WHAT IS REQUIRED → Below are records; write all of them out exactly.

Excerpts from a dataset →
****************
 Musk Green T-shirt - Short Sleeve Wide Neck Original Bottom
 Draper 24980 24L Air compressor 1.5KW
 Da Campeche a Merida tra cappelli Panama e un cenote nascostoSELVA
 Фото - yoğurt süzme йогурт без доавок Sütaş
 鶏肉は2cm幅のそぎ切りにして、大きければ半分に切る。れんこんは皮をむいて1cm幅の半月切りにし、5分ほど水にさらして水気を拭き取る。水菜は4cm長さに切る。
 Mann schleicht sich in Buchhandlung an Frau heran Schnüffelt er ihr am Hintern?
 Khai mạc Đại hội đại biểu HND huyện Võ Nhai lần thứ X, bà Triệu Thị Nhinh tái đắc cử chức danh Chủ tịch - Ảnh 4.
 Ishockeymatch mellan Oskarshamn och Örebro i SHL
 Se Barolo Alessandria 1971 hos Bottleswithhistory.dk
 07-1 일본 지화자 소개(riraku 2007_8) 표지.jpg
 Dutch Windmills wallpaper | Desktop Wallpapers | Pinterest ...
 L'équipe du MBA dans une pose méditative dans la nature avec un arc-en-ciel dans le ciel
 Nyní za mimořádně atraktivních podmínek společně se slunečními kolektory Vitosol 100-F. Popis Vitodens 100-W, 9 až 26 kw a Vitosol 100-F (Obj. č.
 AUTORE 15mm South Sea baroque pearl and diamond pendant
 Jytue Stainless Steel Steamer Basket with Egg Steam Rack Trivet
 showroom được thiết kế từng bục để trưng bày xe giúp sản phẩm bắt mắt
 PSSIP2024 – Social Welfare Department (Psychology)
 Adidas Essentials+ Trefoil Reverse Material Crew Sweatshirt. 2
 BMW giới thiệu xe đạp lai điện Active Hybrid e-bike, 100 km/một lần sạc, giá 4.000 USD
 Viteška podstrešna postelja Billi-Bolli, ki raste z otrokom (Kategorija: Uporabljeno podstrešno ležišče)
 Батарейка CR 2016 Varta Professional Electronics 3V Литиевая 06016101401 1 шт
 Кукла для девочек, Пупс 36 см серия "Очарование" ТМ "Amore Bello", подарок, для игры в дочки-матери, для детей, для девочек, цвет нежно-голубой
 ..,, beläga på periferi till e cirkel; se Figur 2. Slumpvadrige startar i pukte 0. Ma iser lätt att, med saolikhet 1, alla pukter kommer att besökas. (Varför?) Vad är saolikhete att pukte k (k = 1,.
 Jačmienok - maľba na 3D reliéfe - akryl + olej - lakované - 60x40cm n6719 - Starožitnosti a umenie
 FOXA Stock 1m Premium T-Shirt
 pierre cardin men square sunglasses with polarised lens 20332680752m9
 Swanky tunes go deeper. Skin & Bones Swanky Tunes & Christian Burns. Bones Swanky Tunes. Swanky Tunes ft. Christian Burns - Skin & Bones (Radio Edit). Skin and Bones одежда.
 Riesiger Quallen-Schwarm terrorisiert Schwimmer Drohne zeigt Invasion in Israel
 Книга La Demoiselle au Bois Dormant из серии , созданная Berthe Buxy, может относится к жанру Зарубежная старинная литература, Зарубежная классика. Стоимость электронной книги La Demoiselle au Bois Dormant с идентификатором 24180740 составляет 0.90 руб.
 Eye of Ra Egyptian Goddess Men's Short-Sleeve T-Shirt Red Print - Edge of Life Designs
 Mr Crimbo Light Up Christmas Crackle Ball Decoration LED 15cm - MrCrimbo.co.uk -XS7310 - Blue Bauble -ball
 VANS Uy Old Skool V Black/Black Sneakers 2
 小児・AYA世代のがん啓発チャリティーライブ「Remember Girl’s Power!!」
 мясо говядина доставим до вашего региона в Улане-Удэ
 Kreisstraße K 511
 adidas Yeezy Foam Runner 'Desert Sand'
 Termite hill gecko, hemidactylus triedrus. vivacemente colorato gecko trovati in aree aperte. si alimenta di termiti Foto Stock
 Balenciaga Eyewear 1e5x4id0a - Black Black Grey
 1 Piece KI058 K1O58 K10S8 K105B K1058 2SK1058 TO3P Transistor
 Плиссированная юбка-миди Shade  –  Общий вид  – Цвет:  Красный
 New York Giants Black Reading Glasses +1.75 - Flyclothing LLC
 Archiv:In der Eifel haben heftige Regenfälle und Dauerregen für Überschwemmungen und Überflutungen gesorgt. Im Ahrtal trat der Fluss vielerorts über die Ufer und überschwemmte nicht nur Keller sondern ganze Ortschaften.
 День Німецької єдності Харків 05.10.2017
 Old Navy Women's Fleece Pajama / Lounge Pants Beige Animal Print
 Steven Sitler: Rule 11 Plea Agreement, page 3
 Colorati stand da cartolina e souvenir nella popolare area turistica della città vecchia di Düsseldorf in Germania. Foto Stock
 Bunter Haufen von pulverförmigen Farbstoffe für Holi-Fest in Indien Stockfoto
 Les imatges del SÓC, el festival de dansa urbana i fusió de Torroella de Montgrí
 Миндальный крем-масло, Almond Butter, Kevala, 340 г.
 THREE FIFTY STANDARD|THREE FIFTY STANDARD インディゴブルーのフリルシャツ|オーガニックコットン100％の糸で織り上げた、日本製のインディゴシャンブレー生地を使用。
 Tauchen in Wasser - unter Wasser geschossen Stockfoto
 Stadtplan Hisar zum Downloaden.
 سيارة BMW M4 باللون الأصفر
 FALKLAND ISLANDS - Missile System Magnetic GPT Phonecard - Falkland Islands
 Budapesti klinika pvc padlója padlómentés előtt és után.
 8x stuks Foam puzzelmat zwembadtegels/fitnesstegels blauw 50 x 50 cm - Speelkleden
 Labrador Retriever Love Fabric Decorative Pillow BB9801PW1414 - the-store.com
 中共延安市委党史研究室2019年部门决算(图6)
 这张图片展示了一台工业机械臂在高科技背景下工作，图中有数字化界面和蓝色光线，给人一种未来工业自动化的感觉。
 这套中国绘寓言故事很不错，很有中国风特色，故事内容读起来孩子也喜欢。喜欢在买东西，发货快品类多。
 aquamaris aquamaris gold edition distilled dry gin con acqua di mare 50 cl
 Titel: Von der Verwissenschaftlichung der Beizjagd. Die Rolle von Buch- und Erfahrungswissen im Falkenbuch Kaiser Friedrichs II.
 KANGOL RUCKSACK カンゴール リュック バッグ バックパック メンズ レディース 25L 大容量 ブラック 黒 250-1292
****************
SOLVED EXERCISE →
 Musk Green T-shirt - Short Sleeve Wide Neck Original Bottom
 Draper 24980 24L Air compressor 1.5KW
 Da Campeche a Merida tra cappelli Panama e un cenote nascostoSELVA
 Фото - yoğurt süzme йогурт без доавок Sütaş
 鶏肉は2cm幅のそぎ切りにして、大きければ半分に切る。れんこんは皮をむいて1cm幅の半月切りにし、5分ほど水にさらして水気を拭き取る。水菜は4cm長さに切る。
 Mann schleicht sich in Buchhandlung an Frau heran Schnüffelt er ihr am Hintern?
 Khai mạc Đại hội đại biểu HND huyện Võ Nhai lần thứ X, bà Triệu Thị Nhinh tái đắc cử chức danh Chủ tịch - Ảnh 4.
 Ishockeymatch mellan Oskarshamn och Örebro i SHL
 Se Barolo Alessandria 1971 hos Bottleswithhistory.dk
 07-1 일본 지화자 소개(riraku 2007_8) 표지.jpg
 Dutch Windmills wallpaper | Desktop Wallpapers | Pinterest ...
 L'équipe du MBA dans une pose méditative dans la nature avec un arc-en-ciel dans le ciel
 Nyní za mimořádně atraktivních podmínek společně se slunečními kolektory Vitosol 100-F. Popis Vitodens 100-W, 9 až 26 kw a Vitosol 100-F (Obj. č.
 AUTORE 15mm South Sea baroque pearl and diamond pendant
 Jytue Stainless Steel Steamer Basket with Egg Steam Rack Trivet
 showroom được thiết kế từng bục để trưng bày xe giúp sản phẩm bắt mắt
 PSSIP2024 – Social Welfare Department (Psychology)
 Adidas Essentials+ Trefoil Reverse Material Crew Sweatshirt. 2
 BMW giới thiệu xe đạp lai điện Active Hybrid e-bike, 100 km/một lần sạc, giá 4.000 USD
 Viteška podstrešna postelja Billi-Bolli, ki raste z otrokom (Kategorija: Uporabljeno podstrešno ležišče)
 Батарейка CR 2016 Varta Professional Electronics 3V Литиевая 06016101401 1 шт
 Кукла для девочек, Пупс 36 см серия "Очарование" ТМ "Amore Bello", подарок, для игры в дочки-матери, для детей, для девочек, цвет нежно-голубой
 ..,, beläga på periferi till e cirkel; se Figur 2. Slumpvadrige startar i pukte 0. Ma iser lätt att, med saolikhet 1, alla pukter kommer att besökas. (Varför?) Vad är saolikhete att pukte k (k = 1,.
 Jačmienok - maľba na 3D reliéfe - akryl + olej - lakované - 60x40cm n6719 - Starožitnosti a umenie
 FOXA Stock 1m Premium T-Shirt
 pierre cardin men square sunglasses with polarised lens 20332680752m9
 Swanky tunes go deeper. Skin & Bones Swanky Tunes & Christian Burns. Bones Swanky Tunes. Swanky Tunes ft. Christian Burns - Skin & Bones (Radio Edit). Skin and Bones одежда.
 Riesiger Quallen-Schwarm terrorisiert Schwimmer Drohne zeigt Invasion in Israel
 Книга La Demoiselle au Bois Dormant из серии , созданная Berthe Buxy, может относится к жанру Зарубежная старинная литература, Зарубежная классика. Стоимость электронной книги La Demoiselle au Bois Dormant с идентификатором 24180740 составляет 0.90 руб.
 Eye of Ra Egyptian Goddess Men's Short-Sleeve T-Shirt Red Print - Edge of Life Designs
 Mr Crimbo Light Up Christmas Crackle Ball Decoration LED 15cm - MrCrimbo.co.uk -XS7310 - Blue Bauble -ball
 VANS Uy Old Skool V Black/Black Sneakers 2
 小児・AYA世代のがん啓発チャリティーライブ「Remember Girl’s Power!!」
 мясо говядина доставим до вашего региона в Улане-Удэ
 Kreisstraße K 511
 adidas Yeezy Foam Runner 'Desert Sand'
 Termite hill gecko, hemidactylus triedrus. vivacemente colorato gecko trovati in aree aperte. si alimenta di termiti Foto Stock
 Balenciaga Eyewear 1e5x4id0a - Black Black Grey
 1 Piece KI058 K1O58 K10S8 K105B K1058 2SK1058 TO3P Transistor
 Плиссированная юбка-миди Shade  –  Общий вид  – Цвет:  Красный
 New York Giants Black Reading Glasses +1.75 - Flyclothing LLC
 Archiv:In der Eifel haben heftige Regenfälle und Dauerregen für Überschwemmungen und Überflutungen gesorgt. Im Ahrtal trat der Fluss vielerorts über die Ufer und überschwemmte nicht nur Keller sondern ganze Ortschaften.
 День Німецької єдності Харків 05.10.2017
 Old Navy Women's Fleece Pajama / Lounge Pants Beige Animal Print
 Steven Sitler: Rule 11 Plea Agreement, page 3
 Colorati stand da cartolina e souvenir nella popolare area turistica della città vecchia di Düsseldorf in Germania. Foto Stock
 Bunter Haufen von pulverförmigen Farbstoffe für Holi-Fest in Indien Stockfoto
 Les imatges del SÓC, el festival de dansa urbana i fusió de Torroella de Montgrí
 Миндальный крем-масло, Almond Butter, Kevala, 340 г.
 THREE FIFTY STANDARD|THREE FIFTY STANDARD インディゴブルーのフリルシャツ|オーガニックコットン100％の糸で織り上げた、日本製のインディゴシャンブレー生地を使用。
 Tauchen in Wasser - unter Wasser geschossen Stockfoto
 Stadtplan Hisar zum Downloaden.
 سيارة BMW M4 باللون الأصفر
 FALKLAND ISLANDS - Missile System Magnetic GPT Phonecard - Falkland Islands
 Budapesti klinika pvc padlója padlómentés előtt és után.
 8x stuks Foam puzzelmat zwembadtegels/fitnesstegels blauw 50 x 50 cm - Speelkleden
 Labrador Retriever Love Fabric Decorative Pillow BB9801PW1414 - the-store.com
 中共延安市委党史研究室2019年部门决算(图6)
 这张图片展示了一台工业机械臂在高科技背景下工作，图中有数字化界面和蓝色光线，给人一种未来工业自动化的感觉。
 这套中国绘寓言故事很不错，很有中国风特色，故事内容读起来孩子也喜欢。喜欢在买东西，发货快品类多。
 aquamaris aquamaris gold edition distilled dry gin con acqua di mare 50 cl
 Titel: Von der Verwissenschaftlichung der Beizjagd. Die Rolle von Buch- und Erfahrungswissen im Falkenbuch Kaiser Friedrichs II.
 KANGOL RUCKSACK カンゴール リュック バッグ バックパック メンズ レディース 25L 大容量 ブラック 黒 250-1292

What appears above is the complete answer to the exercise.